1981: Banks creates the high performance diesel aftermarket with his first turbocharger system developed for the 6.2 litre GM diesel. Also that year, a Banks-powered 450-hp twin-turbo Buick V-6 becomes the prototype for the Buick Grand National production car.

1982: The "Sundowner" Corvette, powered by a Banks twin-turbo big block, becomes the "World's Fastest Passenger Car" at 240 mph, taking the record away from the "Hanky Panky" Studebaker, which also used a Banks-developed twin-turbo power plant.
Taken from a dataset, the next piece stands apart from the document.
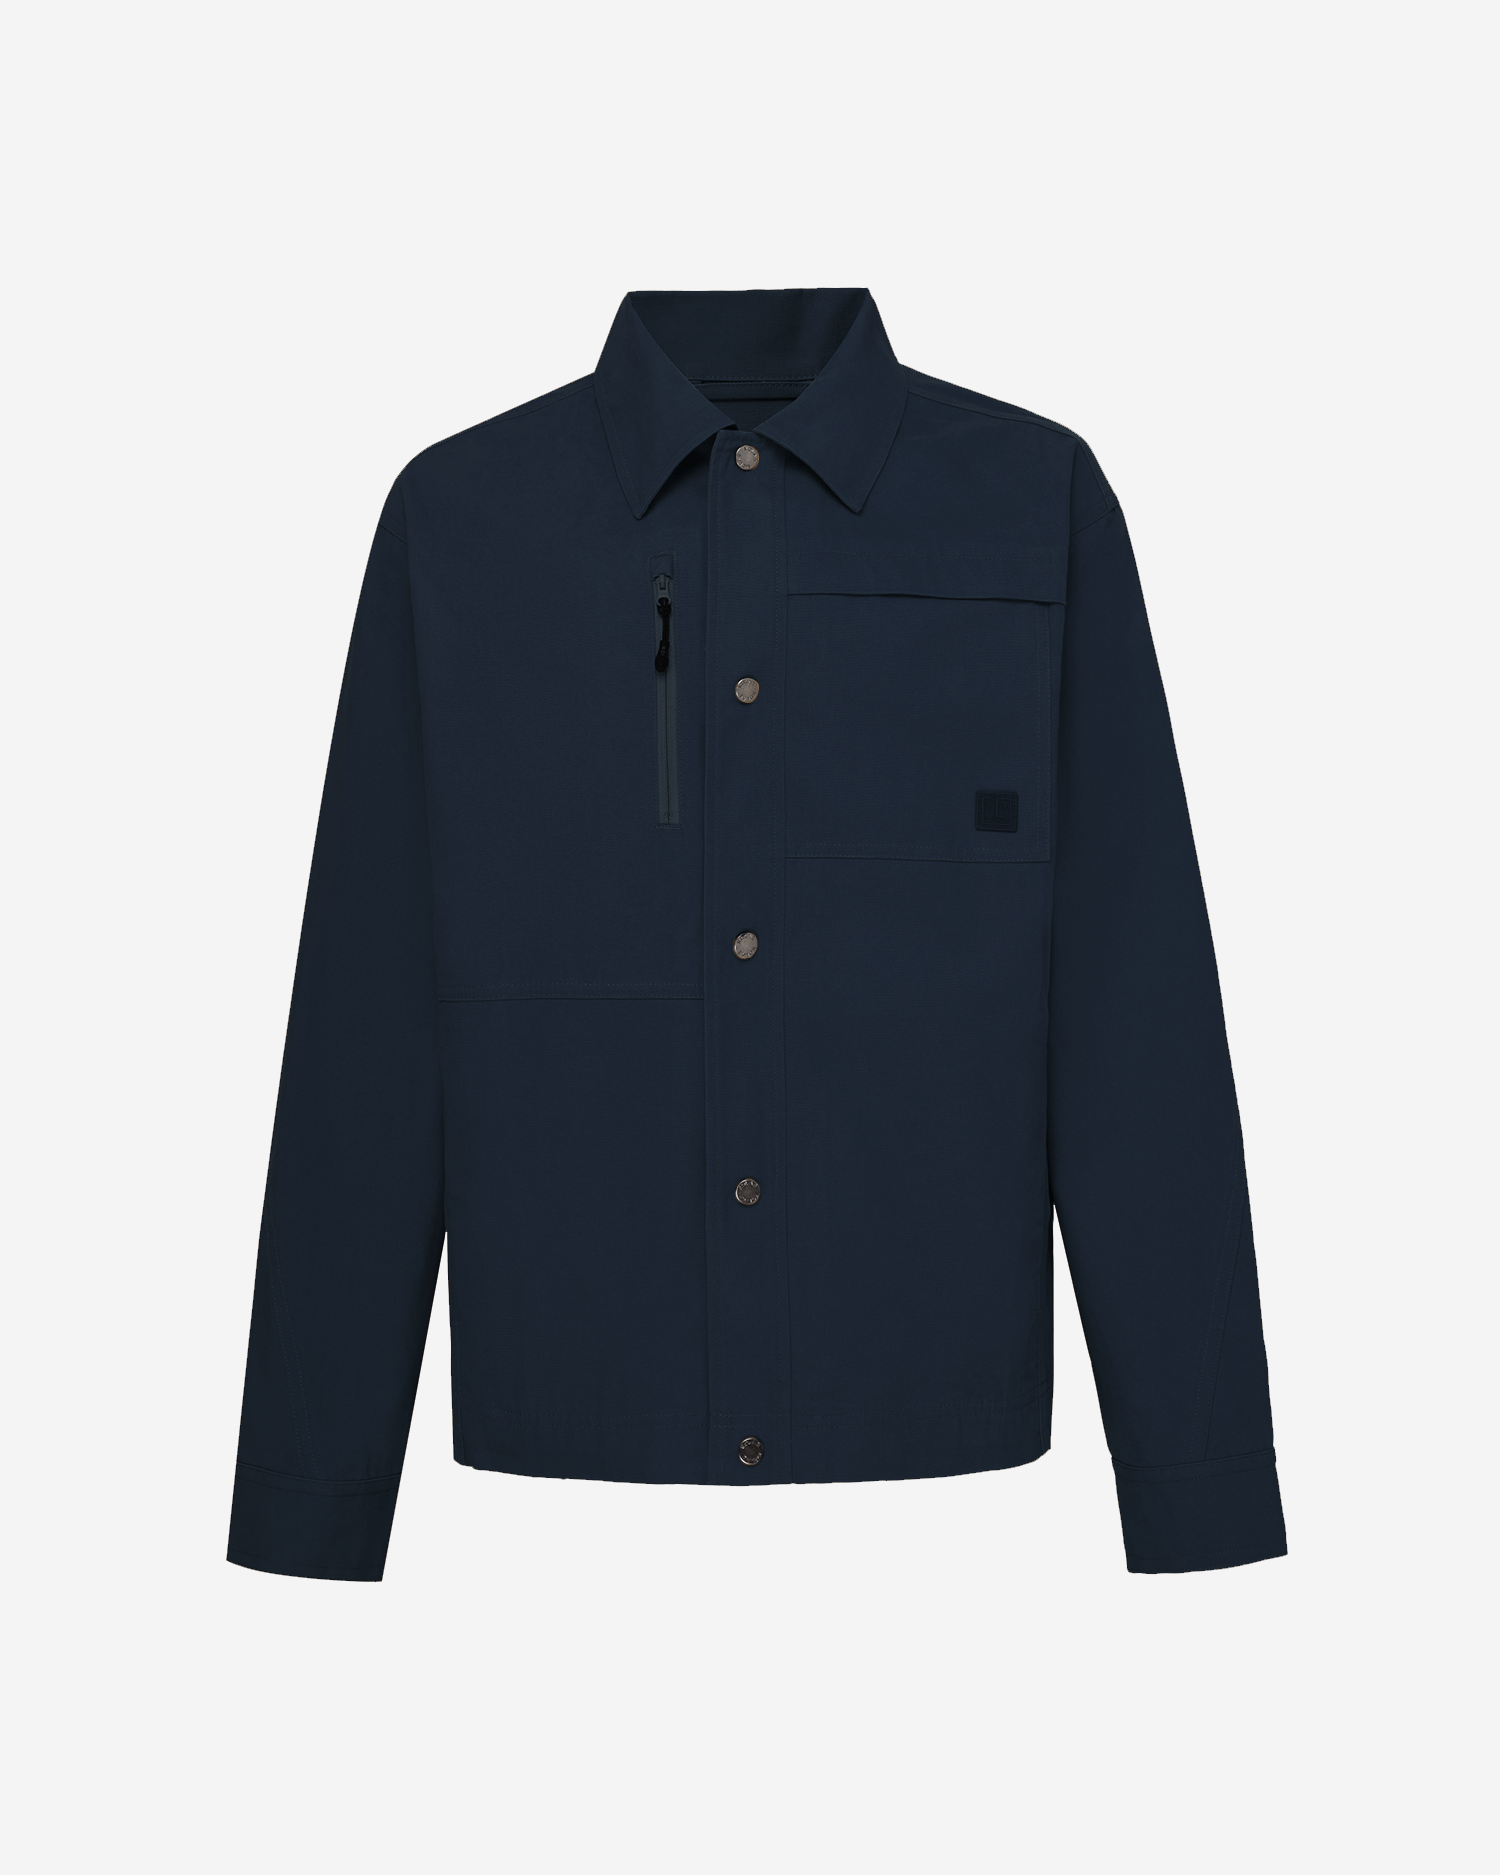 Men's Chore Jacket in Dark Blue 01 #dark-blue

This year also saw the Banks twin-turbo powered S-1 Express take an APBA world championship.

1984: A street-legal Pontiac Trans Am with 700-hp and a Banks turbo breaks the 200 mph barrier and becomes a cover story for Car & Driver magazine.

1987: A Banks Power twin-turbo, 1800-hp Pontiac GTA sets a new "World's Fastest Passenger Car" speed record at Bonneville Salt Flats at 277 mph as certified by the Southern California Timing Association. This record stood for the next ten years.
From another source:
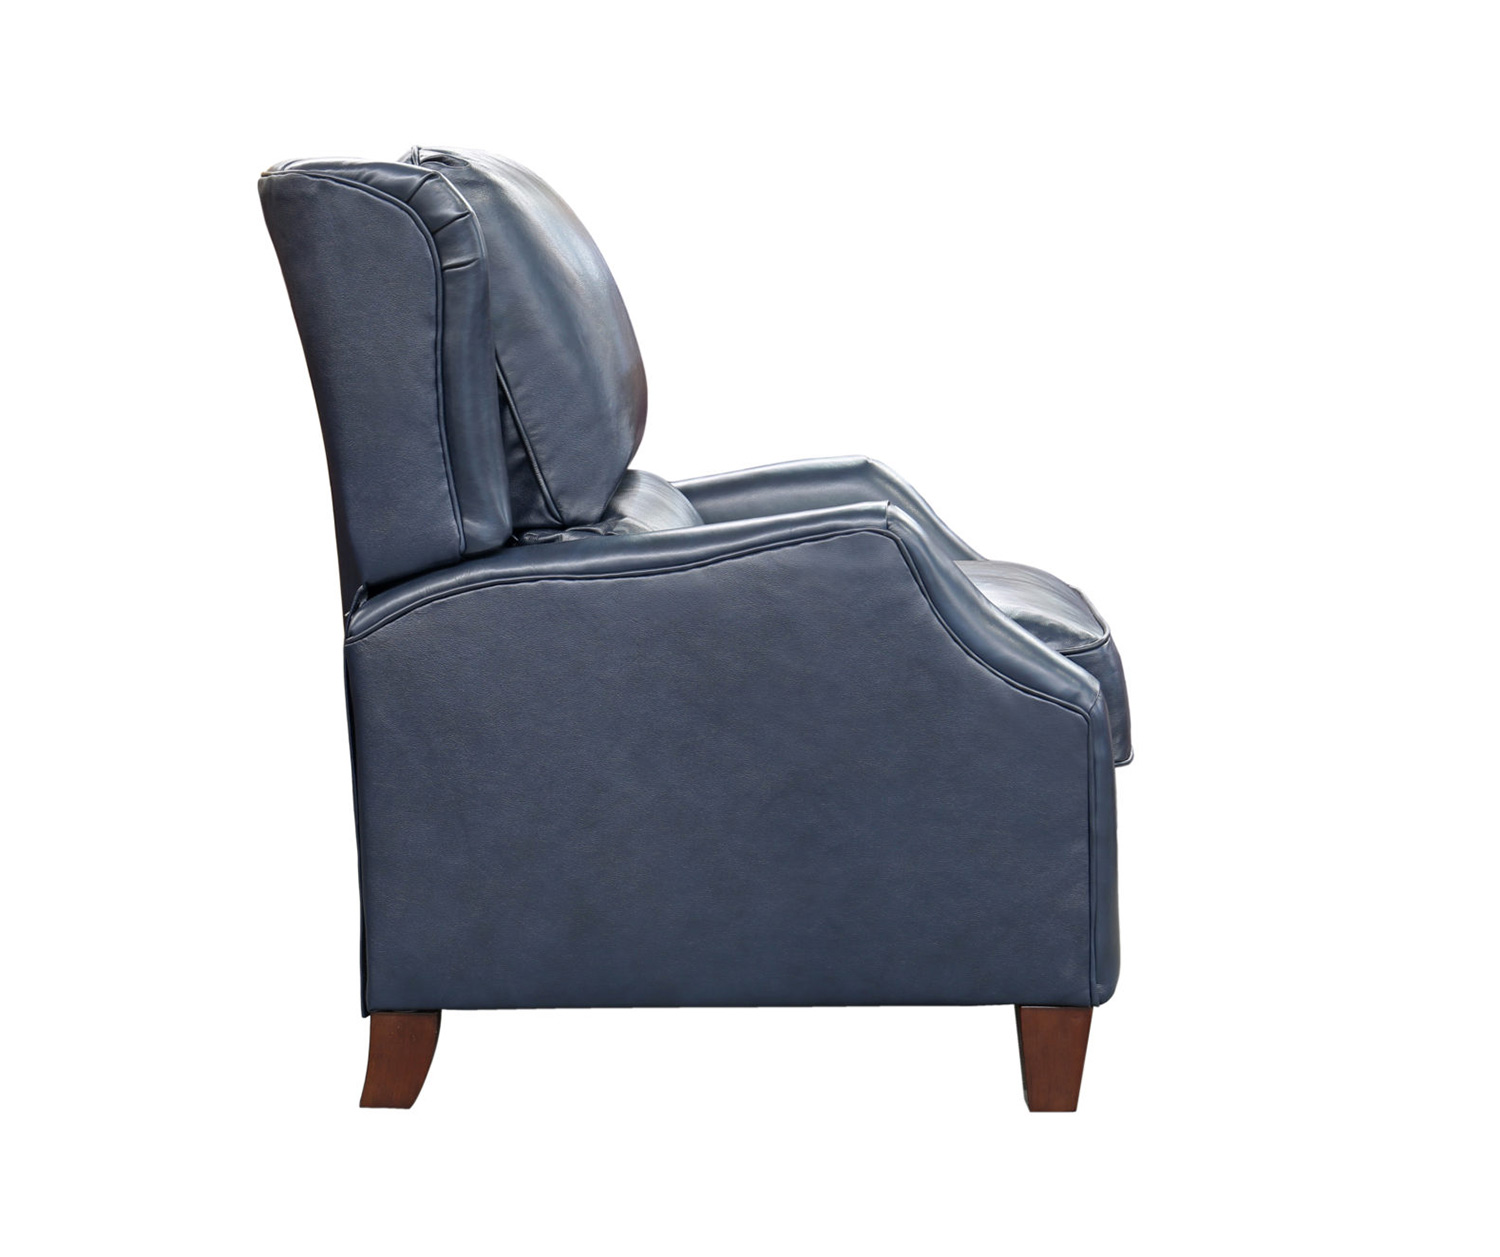 Barcalounger Berkeley Recliner Chair - Shoreham Blue/All Leather

1988: Banks turbocharger systems become a GM dealer-specified option.

1992: A Banks Power-developed twin air intake and intercooler system results in a claimed 80-hp improvement on the factory-turbocharged Dodge Cummins engine.

1993: The Banks "Sidewinder" aftermarket turbocharger is introduced. Tests show that turbo-lag times decrease and throttle response improves when compared with factory turbochargers.

1994: Banks begins offering intercoolers to improve the performance of the Ford Power Stroke diesel. At this time, the Ford factory was not using intercoolers on their diesel-powered pickup trucks.

2002: A street-legal Dodge Dakota pick up truck built in the Banks Power shop with a 735-hp, 1300 lb-ft, 5.9 litre Cummins hauls its own trailer to Bonneville and sets the FIA record for "World's Fastest Pickup Truck" with a two-way average of 217 mph and one-way top speed of 222 mph.

2007: The Wes Anderson-driven Banks "Sidewinder" S-10 with a 1250-hp, 6.6 litre Banks Power/Duramax engine becomes the "World's Quickest and Fastest Diesel Drag Truck" with a 7.72 second elapsed time and a top speed of 179+ mph in the quarter-mile, as recorded by the National Hot Rod Diesel Association..

2009: Gale Banks receives a Distinguished Service Citation from the Automotive Hall of Fame

2010: On March 6, 2010, the Banks crew tested out the Top Diesel Dragster's new "Stroker" 427 cu. in., twin-turbo 7.0L Duramax engine at the NHRDA Nationals in Wittmann, Arizona. The Banks Sidewinder S-10 runs at NHRDA in Topeka, Kansas winning top diesel class with 7.77et @ 178 mph.

2011: Gale Banks builds world's first supercharged Top Diesel Dragster. Gale Banks teams up with Paul Dallenbach to race the Pikes Peak International Hill Climb.

2012: Banks and Dallenbach race at Pikes Peak.

2013: Banks and racer/stunt driver Mike Ryan team up to race at Pikes Peak in a Freightliner Cascadia.